## DESCRIPTION OF THE TASK
Please print the line that holds "Редизайн лого (производство" and each line after it to the end of the data, word for word, without any pictures.

## INFORMATION SHOWN
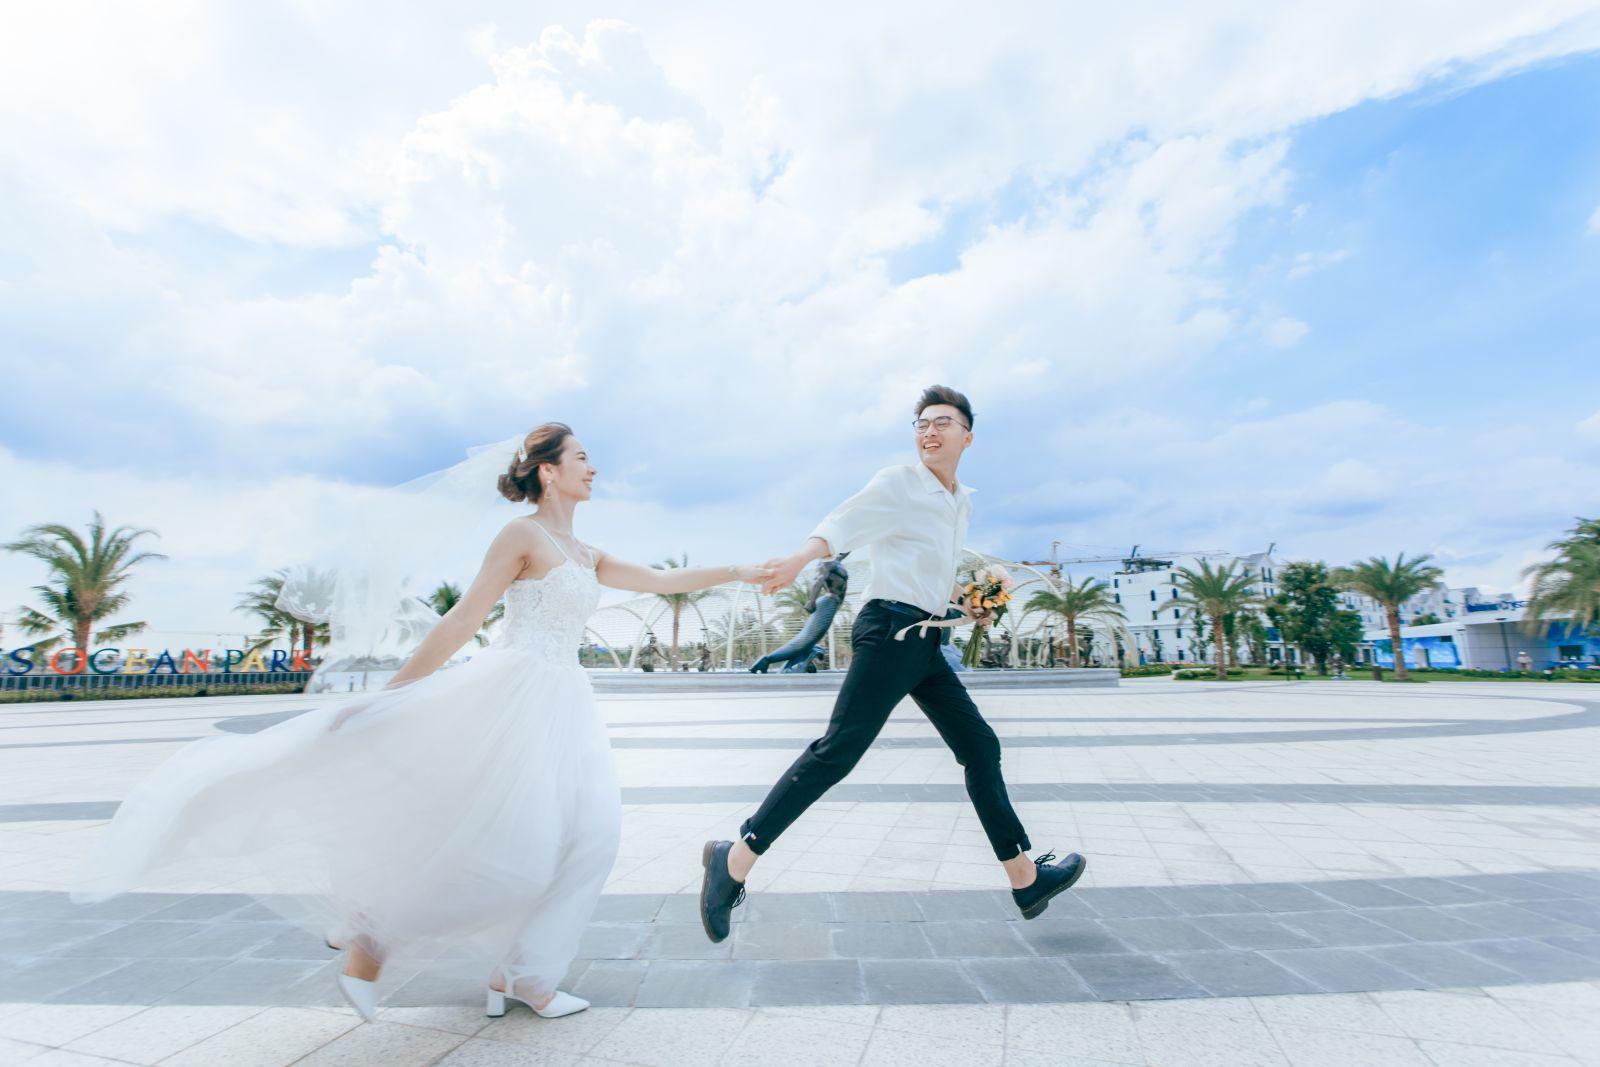 Vinhomes Ocean Park - Thiên đường chụp ảnh cưới mới ngay tại Thủ Đô
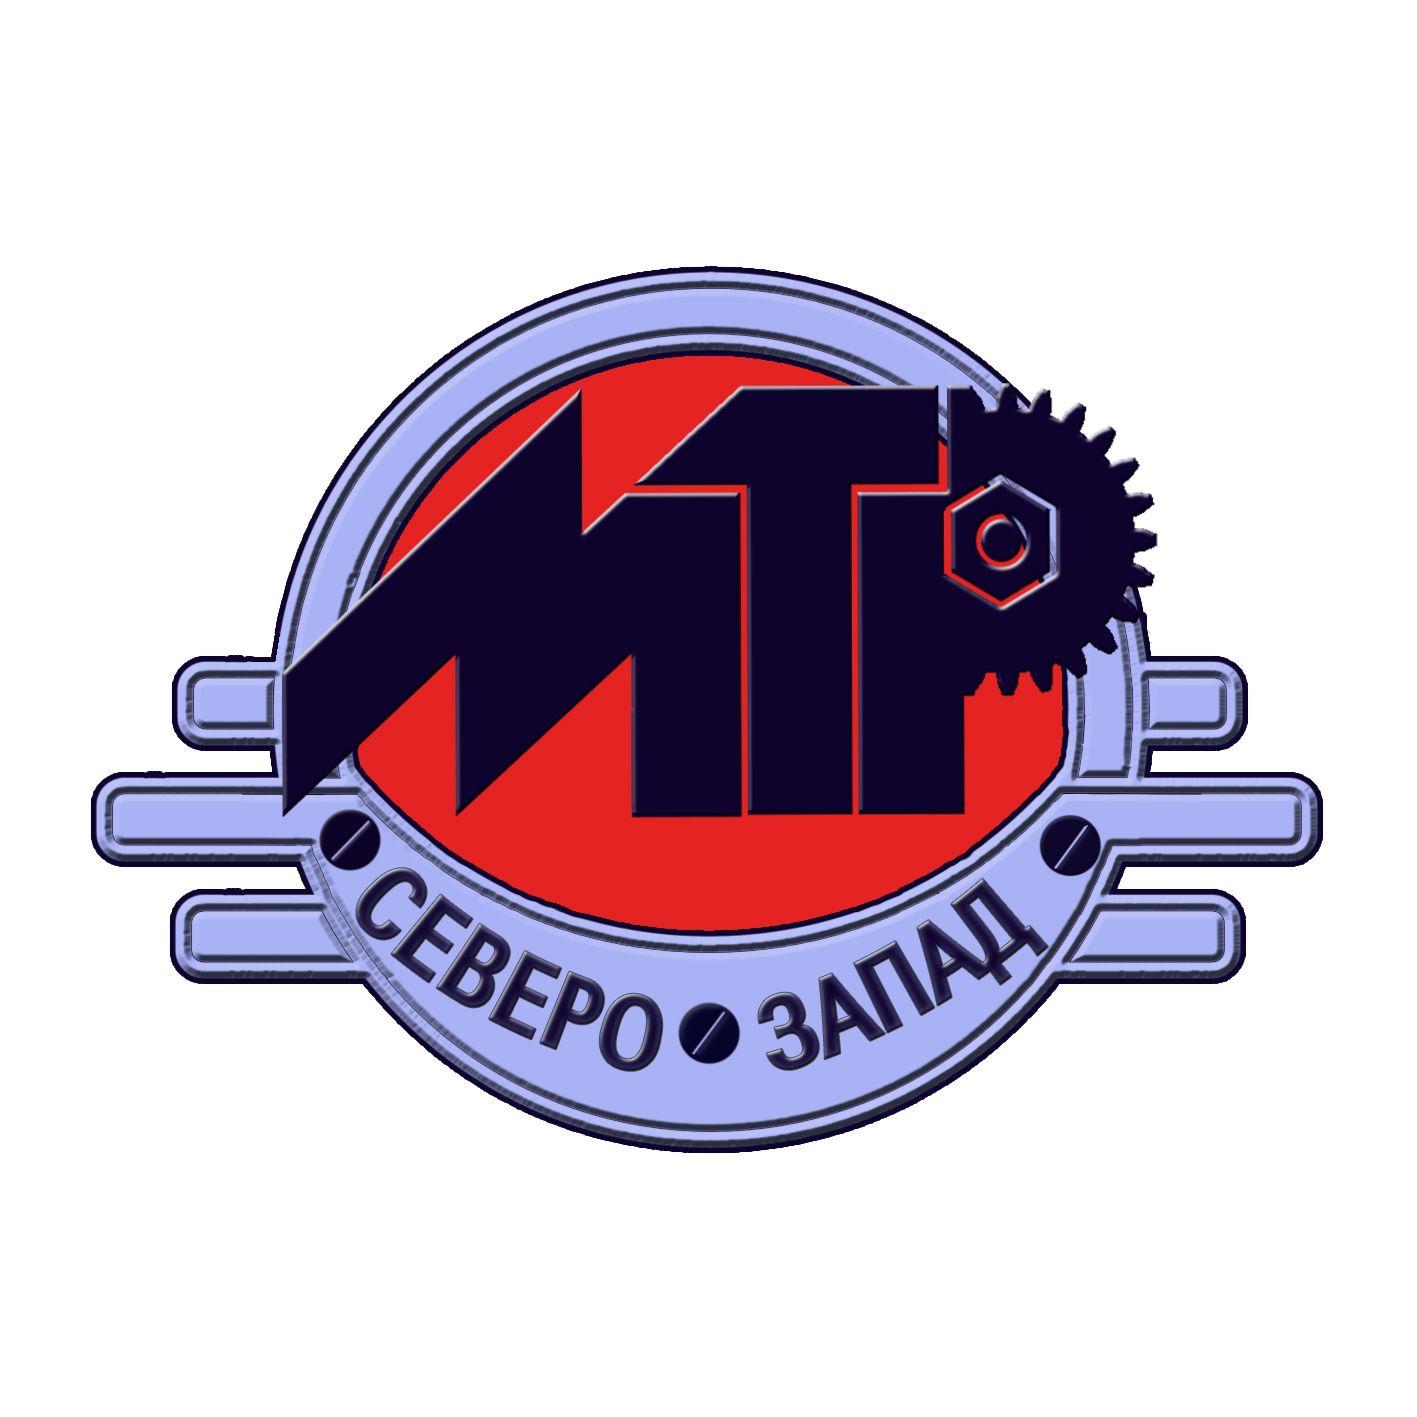 Редизайн лого (производство и продажа мототехники) - дизайнер omega7779
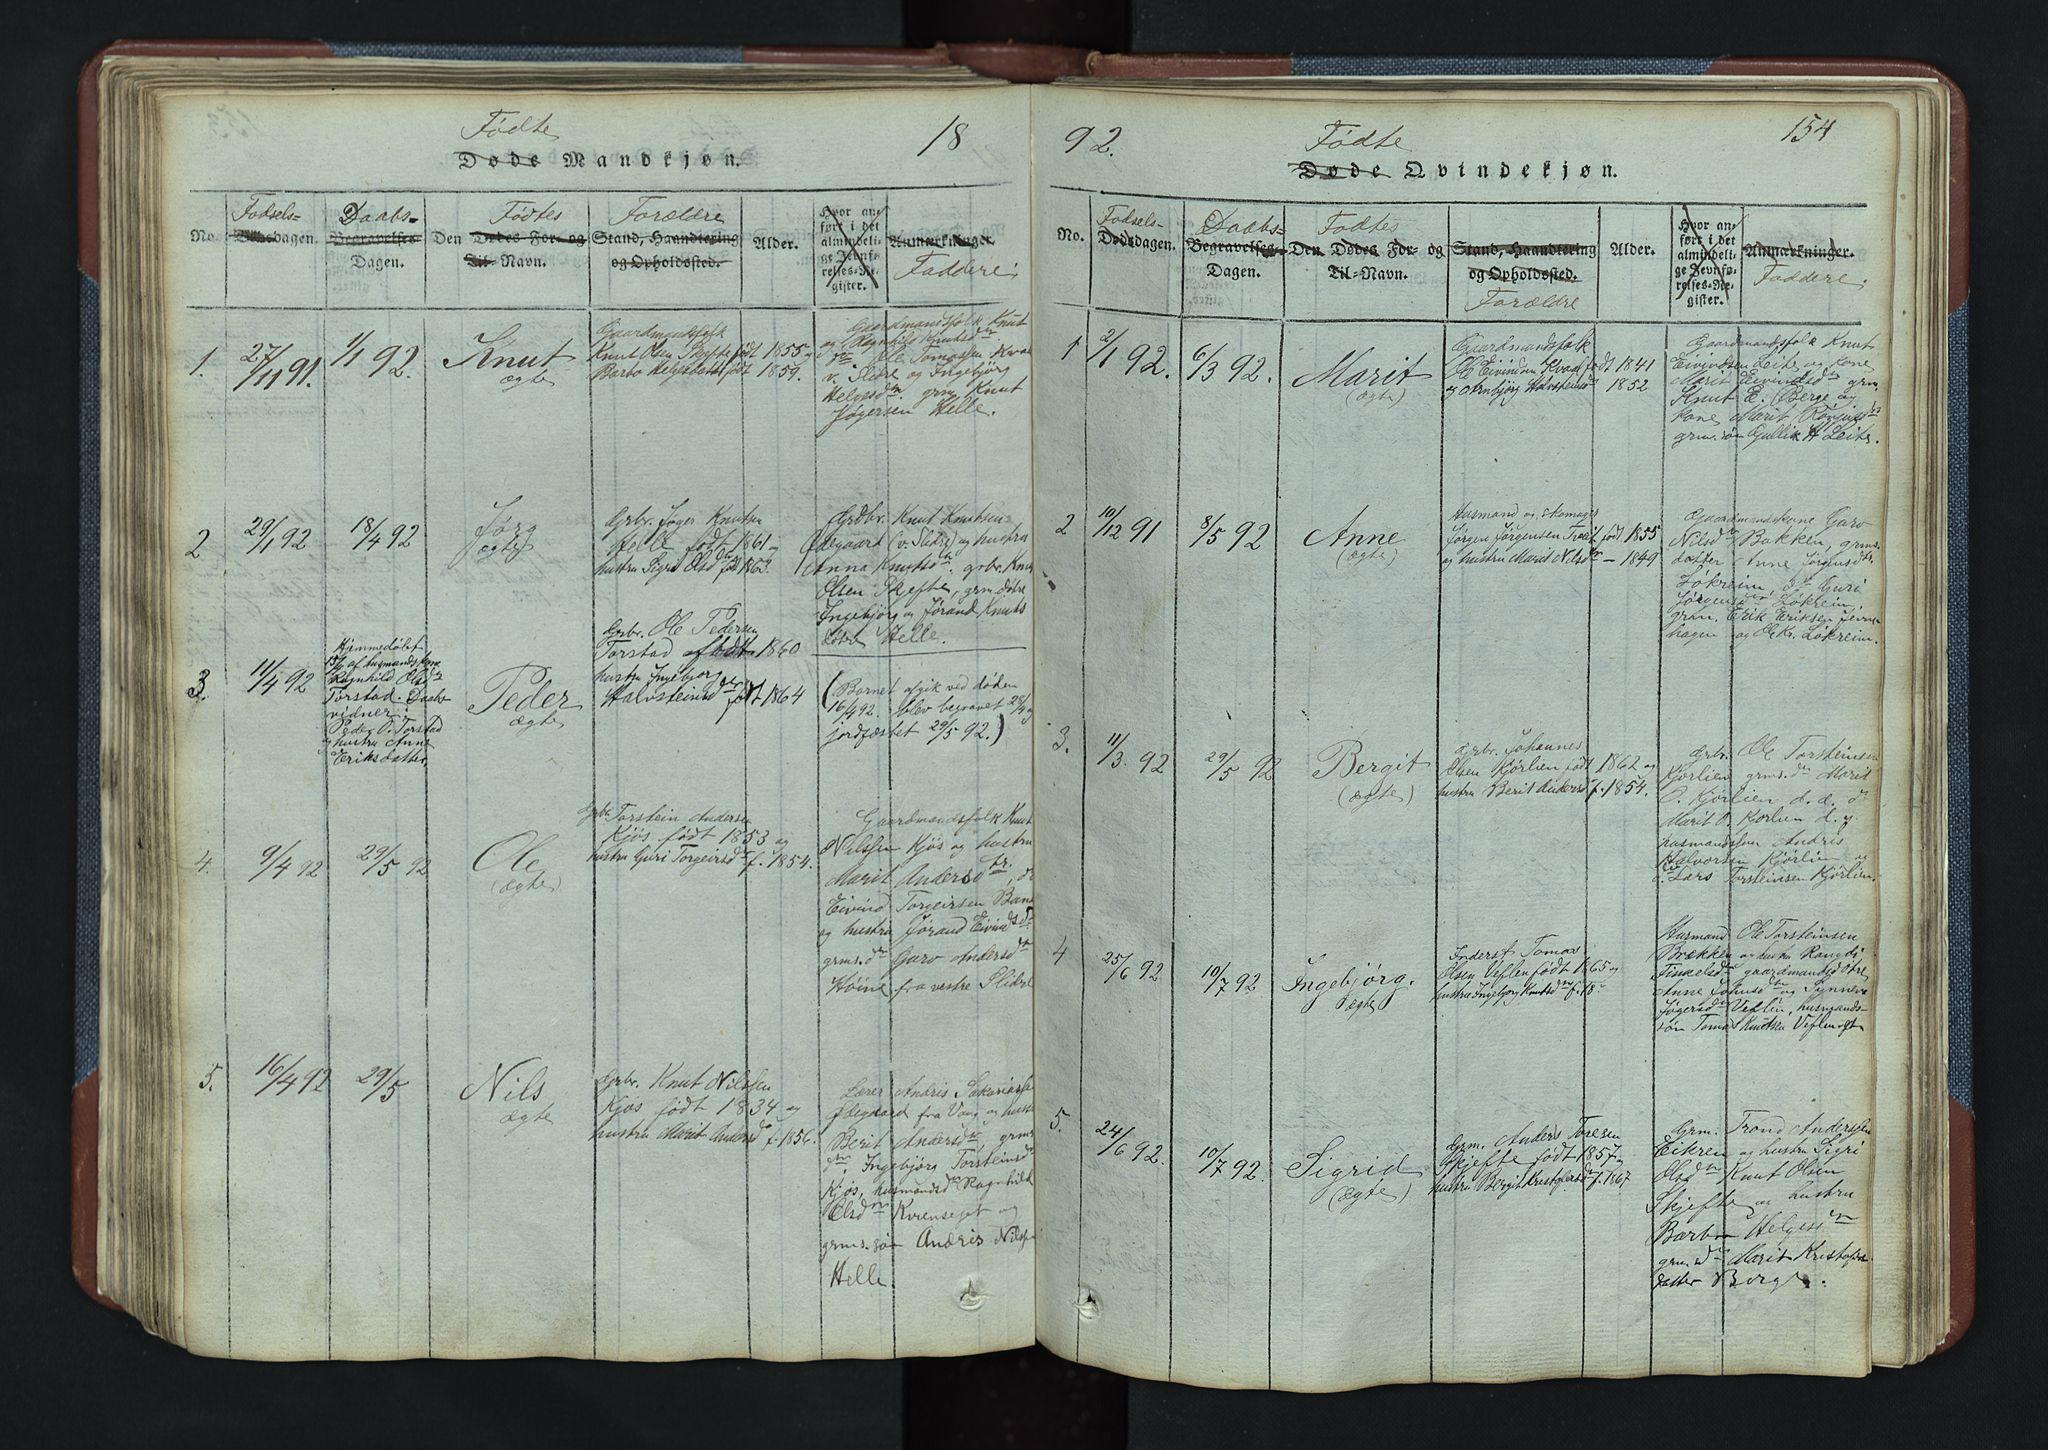 SAH, Vang prestekontor, Valdres, Klokkerbok nr. 3, 1814-1892, s. 154

## TASK RESULT
 Редизайн лого (производство и продажа мототехники) - дизайнер omega7779
 SAH, Vang prestekontor, Valdres, Klokkerbok nr. 3, 1814-1892, s. 154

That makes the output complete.